Donor governments are abandoning commitments and communities around the globe, most famously with the destruction of USAID. It seems like Haiti – having been abandoned sooner – is now through initiatives like the Haiti Community Foundation further along in pointing the way towards what comes next.

Murphy

I have to tell you that actually, as far as I'm concerned, my misery doesn't like company.

In the Global South, the Global Majority, we are used to instability. We're used to working on a shoestring. We're used to trying to figure it out, bleeding for causes, subsidizing whatever project grants get thrown our way without overhead, sleepless nights… We're used to having to worry about relatives being kidnapped.

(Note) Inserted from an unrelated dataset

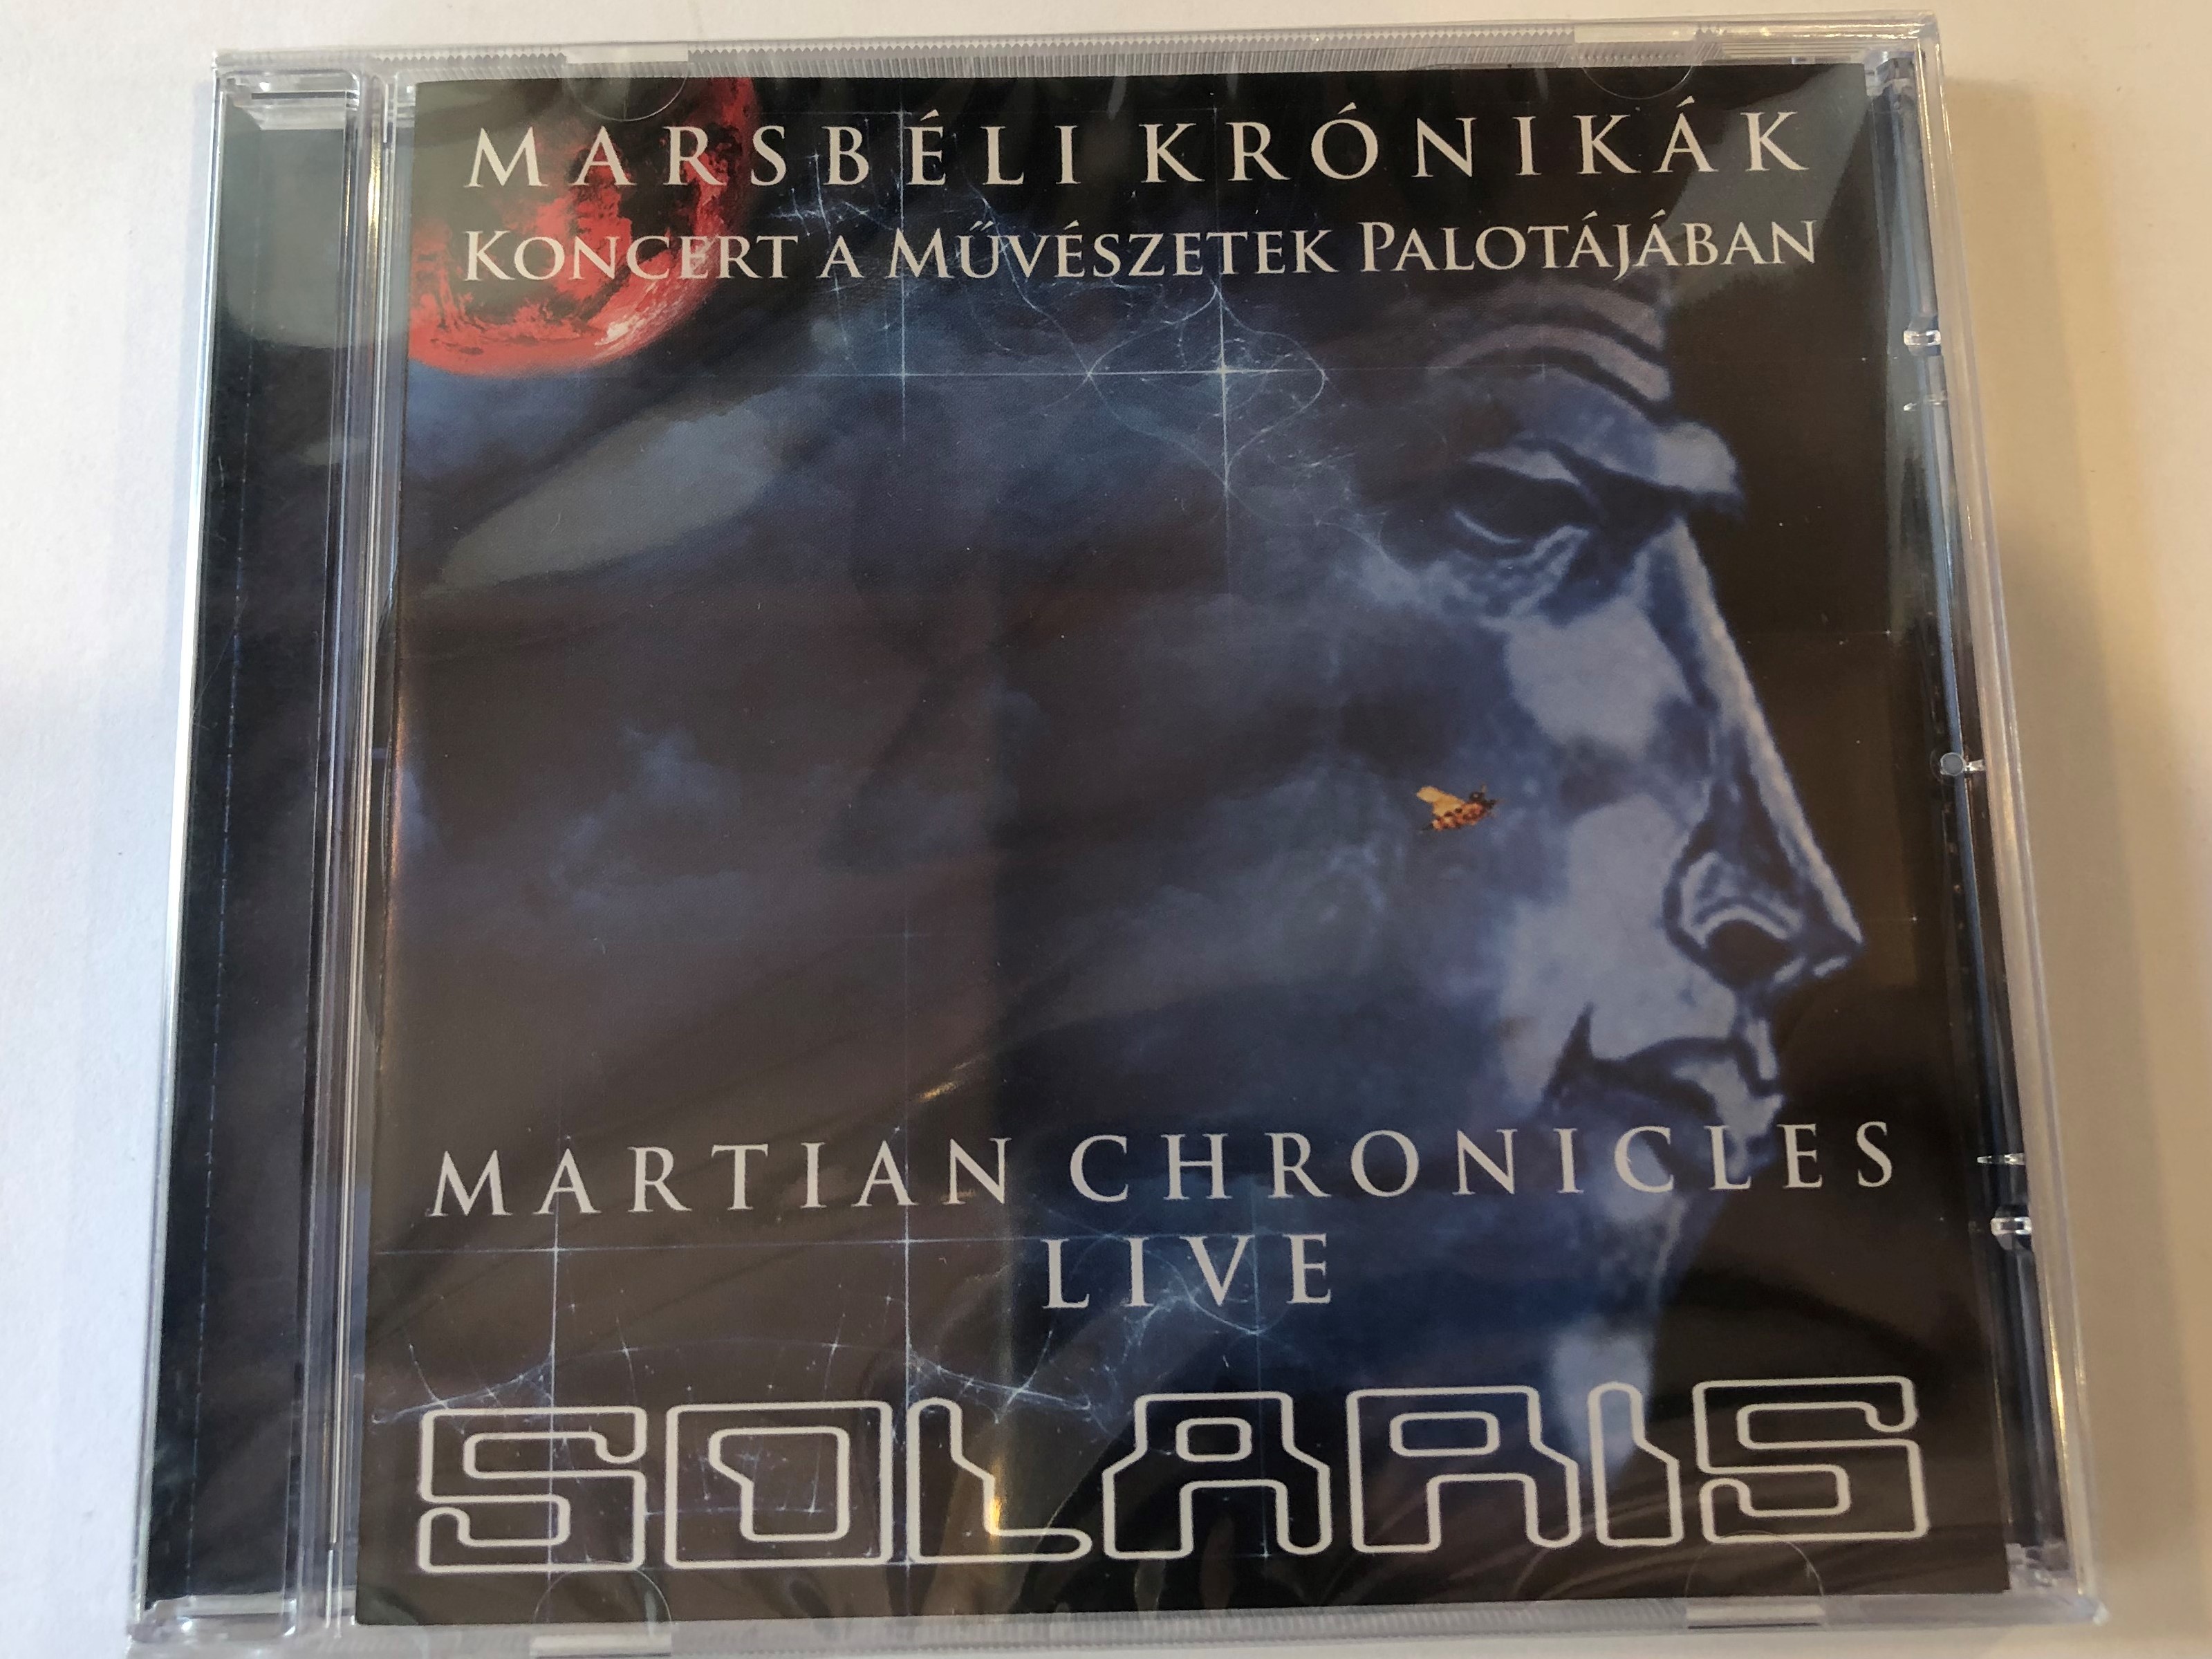 marsb-li-kr-nik-k-koncert-a-muveszetek-palotajaban-martian-chronicles-live-solaris-solaris-music-productions-dvd-cd-5998272703291-1-.jpg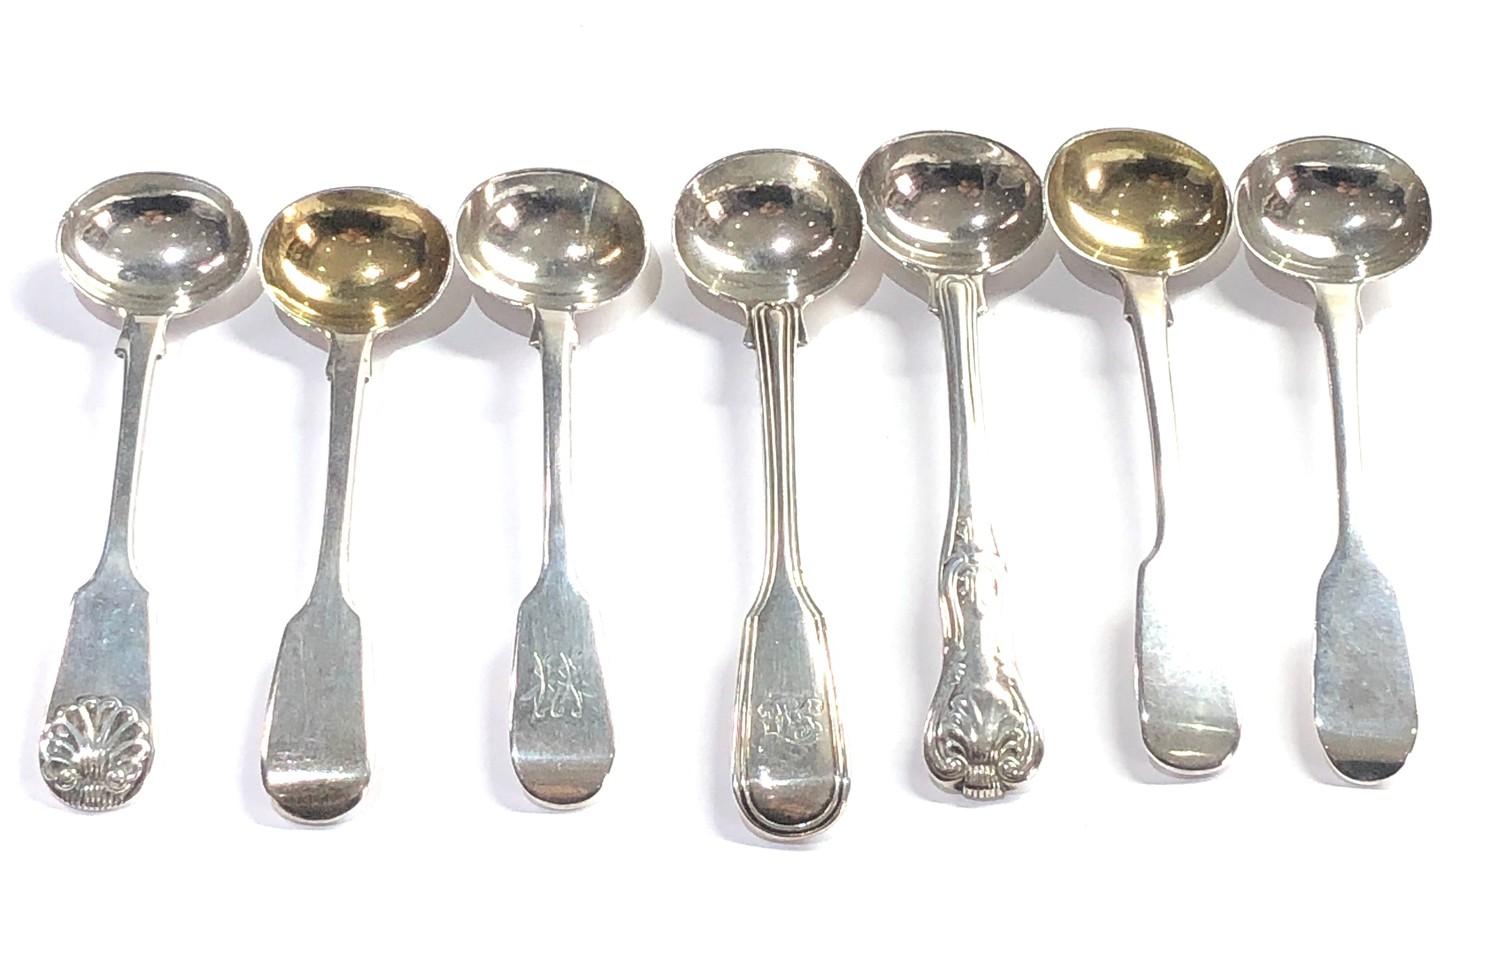 7 Antique silver mustard spoons by George Adams

I think that with USAID overnight pulling the work from Global South countries who were overly and widely dependent on the funding… literally caused the death of hundreds of thousands, but also [meant] losing people, losing organizations, losing their funding, their people losing their jobs, in a context where there is no social protection. We're not talking about the US, where you can get unemployment, or countries in Europe that have even more general social protection.

The global north is experiencing this trauma and the sense of insecurity too and realizing that things have changed overnight… They still talk about transformation, but they are really working on self preservation and survival.

Proximate

What is it that individuals and organizations need to keep in mind at all times that brings them back to cohesion and connection, the translation and bridge building that you do, what's the kind of hallmark that they can grasp on to?

Murphy

One of the things that I've been trying to do through my consulting, through the international networks I'm involved in, is to change the way people interact with each other. Because you have the Global North mentality, that you have to keep your distance. You have to be professional. What does it mean? How can you really build a movement, and how can you really come together and make significant changes if you don't know about each other, or can you trust each other if you don't share some valuable parts of yourself?

Proximate

What recommendations do you have for funders or other organizations trying to engage with communities on equitable and equal terms?

Murphy

We cannot get away from building networks of networks. Global North organizations have gotten very good at doing that, but then most of the time, they're very wary of this entire process of decolonization. So they hang on to the power.

[But] it's probably one of the most critical pieces of work that they could fund if you really want to build a nation, if you really want to build a country's ecosystem, if you really want to build connections within the global majority. You provide the time and the space, as opposed to having people who are already exhausted and under capitalized…do this work.
There is a short story – it's not even a story, because it's extremely brief–  where this young woman basically says to an elder, “Father, what about the others?” And the elder responds, “there are no others.”